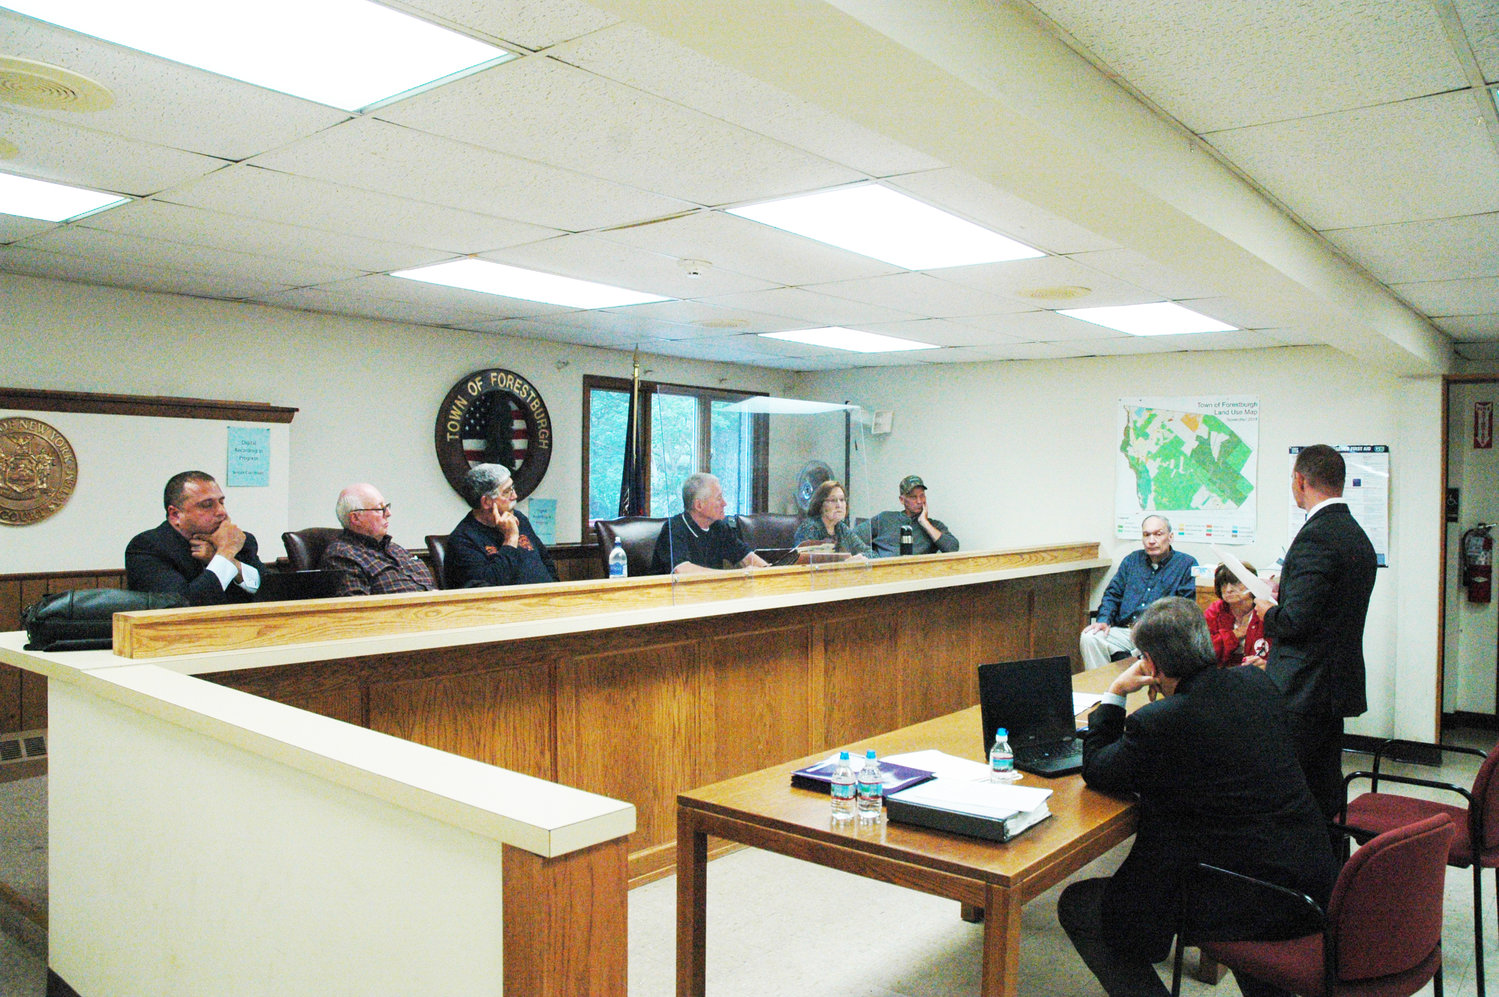 The evidentiary hearing regarding the denial of building permit for Lost Lakes Holdings LLC, which began on May 31, resumed with Town of Forestburgh Building Inspector and Code Enforcement Officer Glenn Gabbard giving his testimony before the Town’s Zoning Board of Appeals on Wednesday.
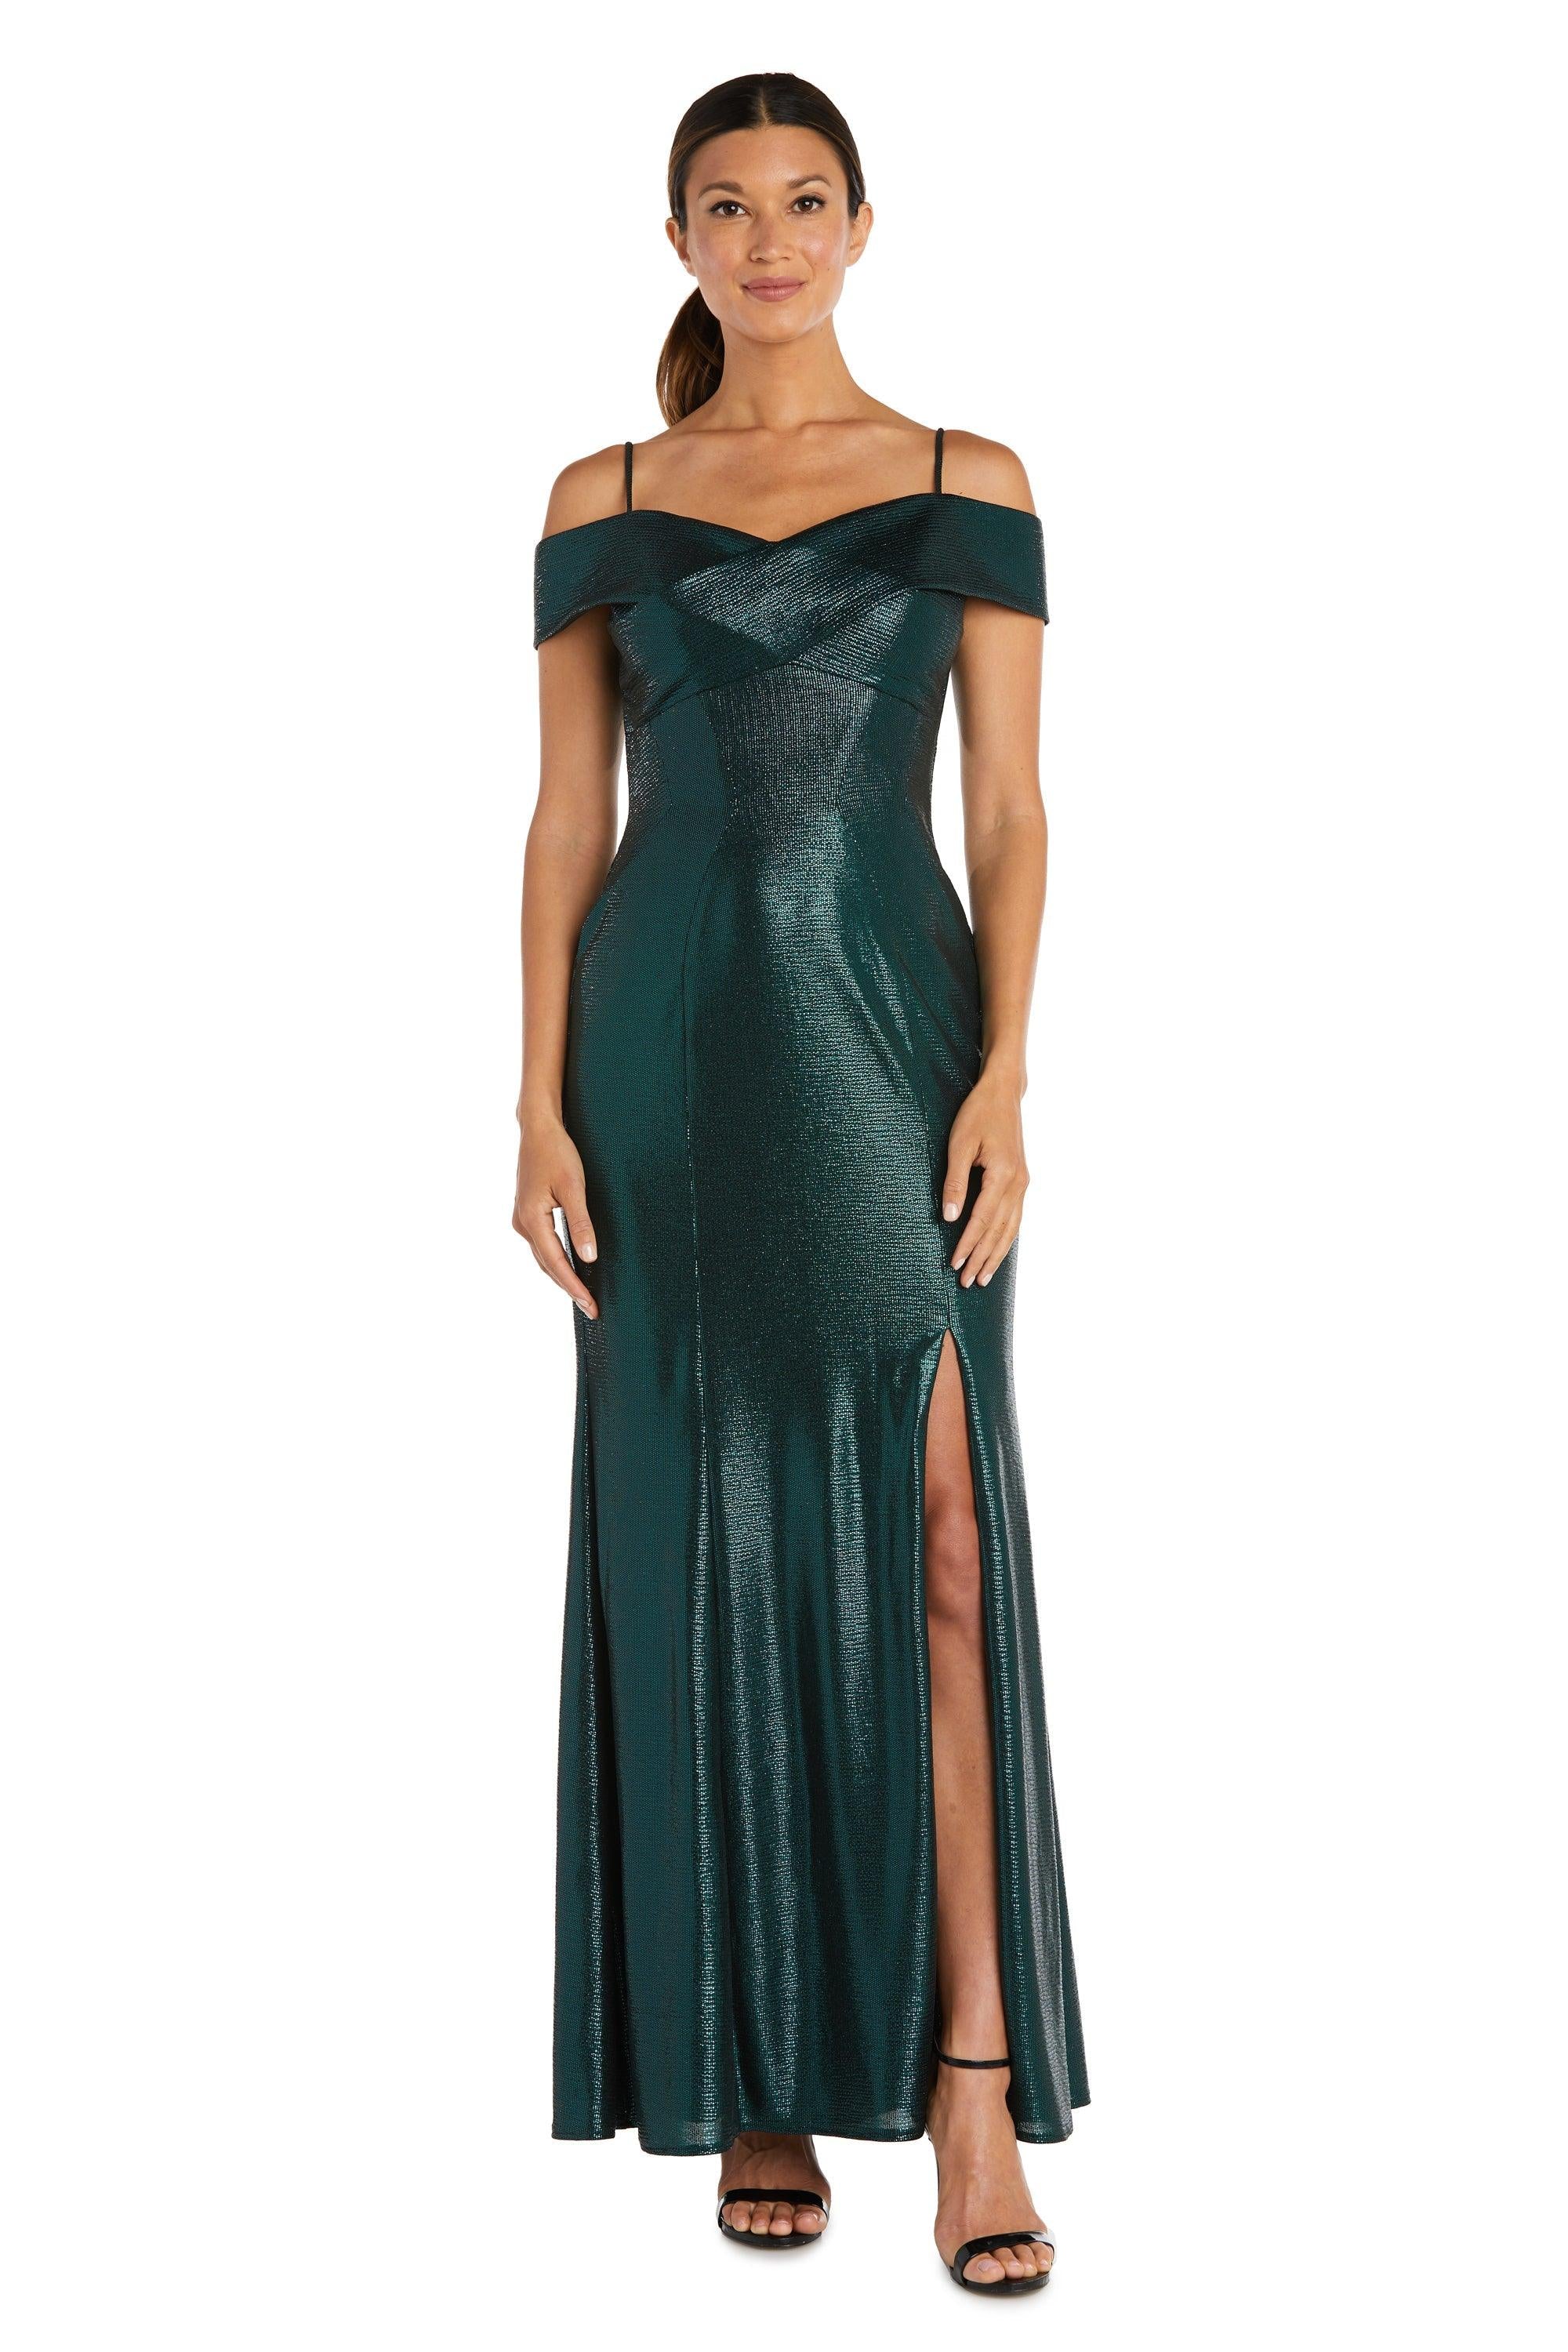 Nightway Long Formal Evening Dress 21761 - The Dress Outlet
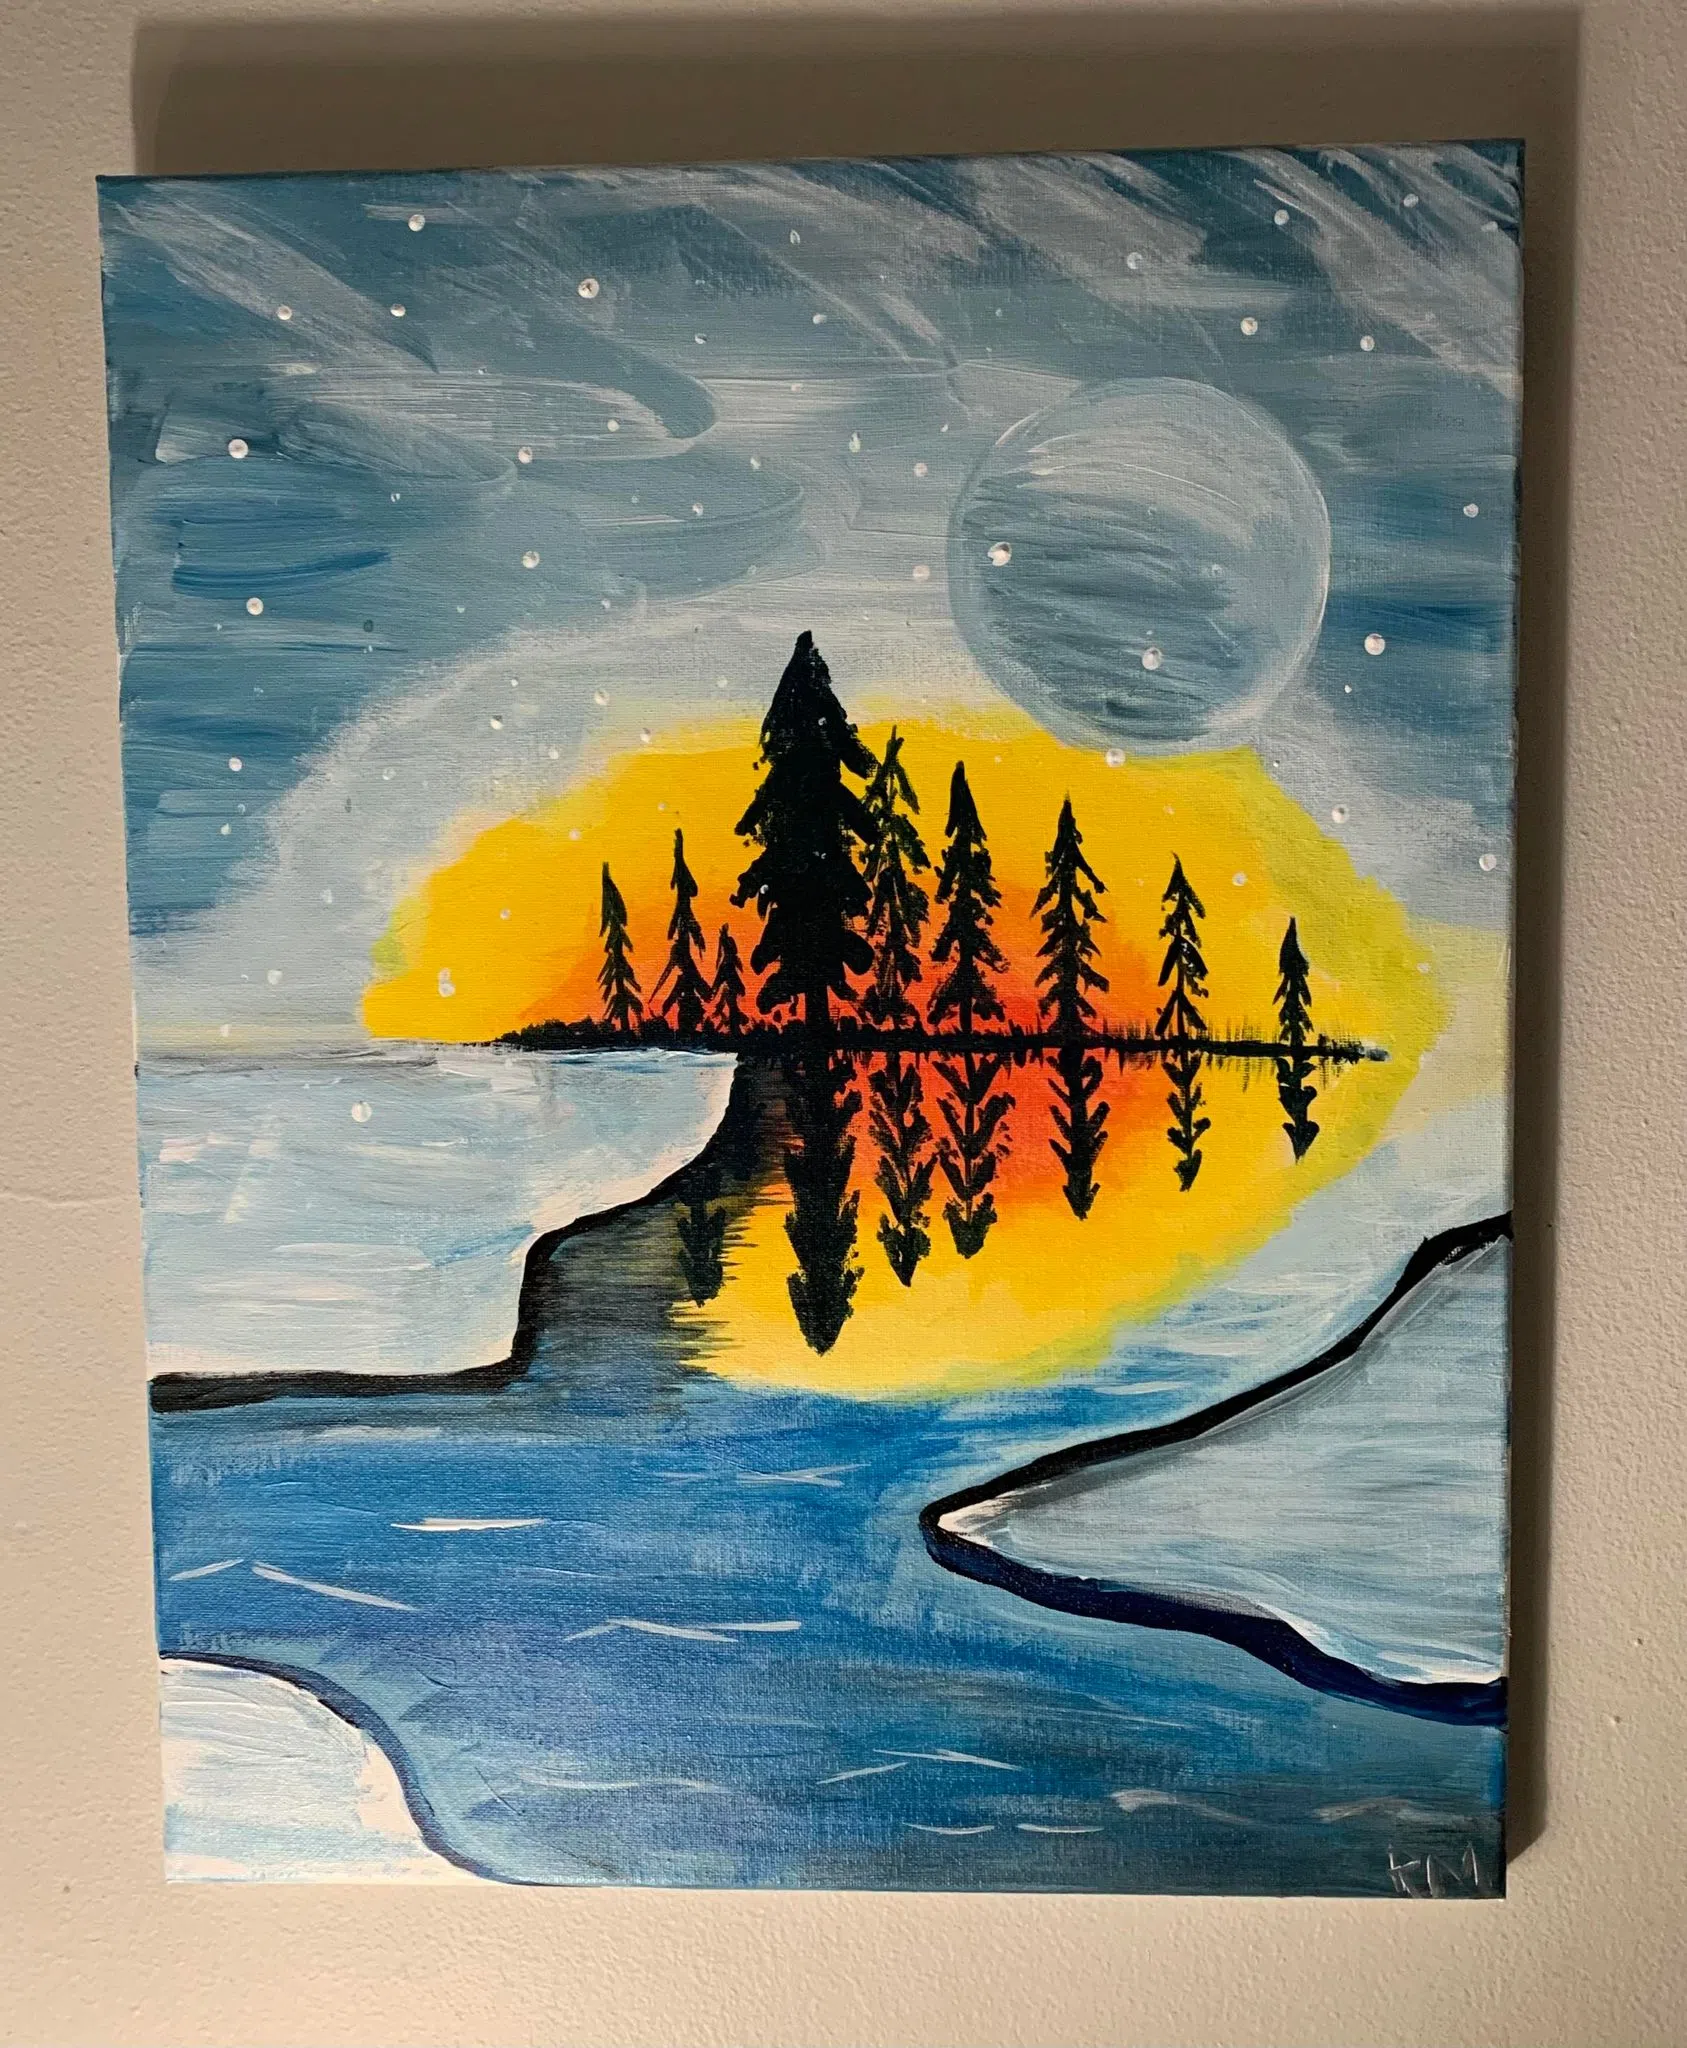 Russell Is No Bob Ross But He Had FUN!

********************

### PROBLEM TO SOLVE
Ignoring the pictures, write out word for word the lines from the line containing "Nightway Long Formal" through the end of the material above.

### YOUR RESPONSE
 Nightway Long Formal Evening Dress 21761 - The Dress Outlet
 Russell Is No Bob Ross But He Had FUN!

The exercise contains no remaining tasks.